MIME-Version: 1.0 Received: by 10.224.184.75 with SMTP id cj11mr31753768qab.16.1341334634836; Tue, 03 Jul 2012 09:57:14 -0700 (PDT) Sender: [email protected]

Now I got a couple of emails from the fake PayPal email dude and I have to say aside from this oversight it looked really really good. The clever thing is, because you sent a payment request, if you login to your PayPal account it says pending, and the phishing emails also confirm pending status, so the average Joe is going to fall for this.

About the same time I get an email from Francis telling me he has sent me the money, and that I must send the laptop tomorrow for Next Day Delivery before 1PM tomorrow, and its going to his sister as a Birthday present. So I assume they dont want to be waiting all day to intercept the laptop.

So what would you do in this situation? Well I am a nice guy, so I wrapped up the laptop as its a Birthday present and sent it in the post!!

Well at least thats what Francis thought, and thats what Shazad and his fake PayPal thought to. It took me a while but I eventually managed to create a Royal Mail Special Delivery tracking number that showed up as valid on the Post Office tracking page :)

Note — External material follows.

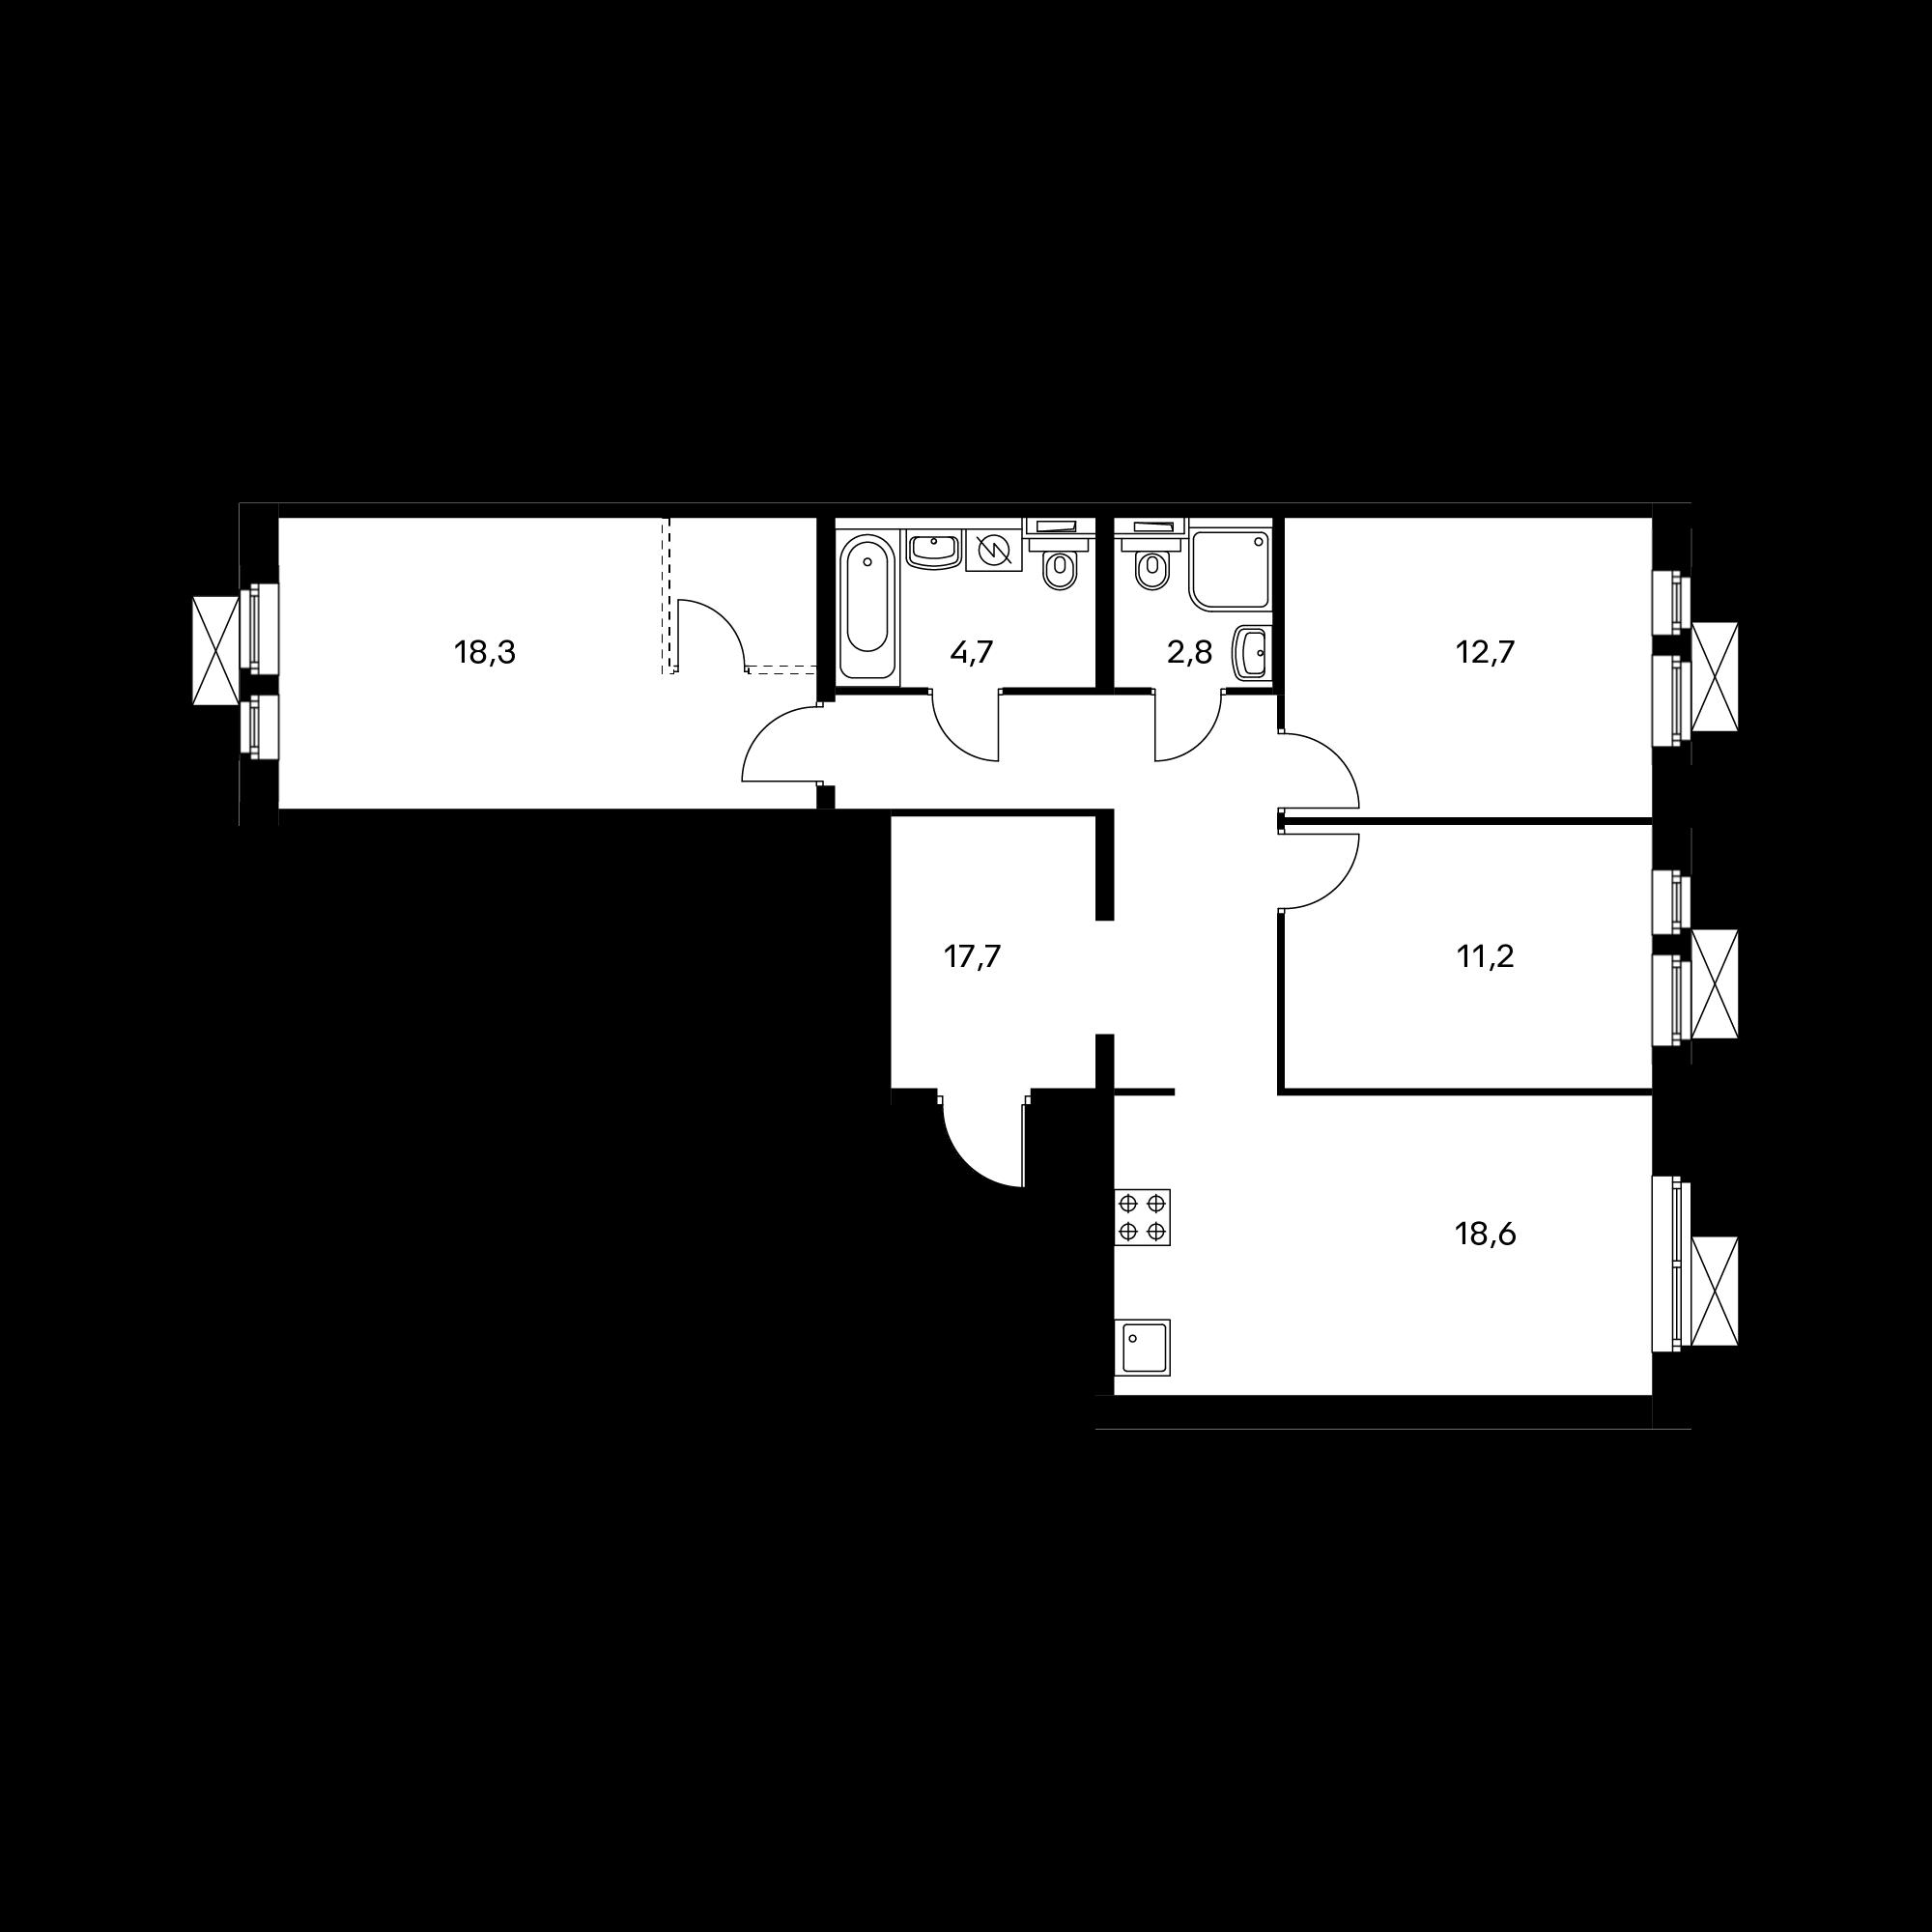 3EL3_9.6-7

Then I get an email from fake PayPal confirming I have sent a valid tracking number and I will get the funds in my account in 24 hours, wooohooo.

Now during this time, just so its clear I have informed Gumtree, PayPal, London Met Police and the eCrime center, so they can utilise the information I collect to possibly catch these guys in the act.

The next day about 3PM I get another email from fake PayPal saying that my tracker number does not appear to be authentic, I also guess the laptop is now 2 hours late being delivered so they are wondering if I sent it at all? Obviously I hadn’t sent it, so how can I send them a picture of the receipt to confirm the tracking? I make one :D takes about 45 mins and I send it off, fake PayPal are happy and confirm again my money is on its way :)

So at this point I have a phone number, some email addresses and a drop off address. I thought it would be handy to get hold of Francis’s IP address then I could find out his ISP and Country to aid the Police further. So I decided to Phish him myself :)

So I continued to exchange emails with him to build some rapport with him, and get him interested in other things I might be selling. He is interested in the iPad I have for sale, and he wants to see pics and get more info. So eventually he visits the fake site I spun up and I get his user agent info from the Apache logs :) Sadly these guys are doing abit to protect themselves, looks like they are using anonymous proxies and routing traffic through a VPS in the US. Oh well it was worth a shot.

This is really the high level story, I hope it brought a smile to your face, I know it did me just for wasting 6 days of these guys time overall, and I can only assume a wasted day hanging around in London for the laptop to arrive. As far as I know they didn’t get caught, but they didn’t get my laptop, and I am still waiting for fake PayPal to send me my funds, I keep asking but now they dont want to email me any more :)

So please take this blog post as a reminder that even people in the industry like us could fall prey to the scammers, but if we ID it early we can have abit of a play. Of course be careful what you do, as you dont know who these people are, or what resources they have available to them.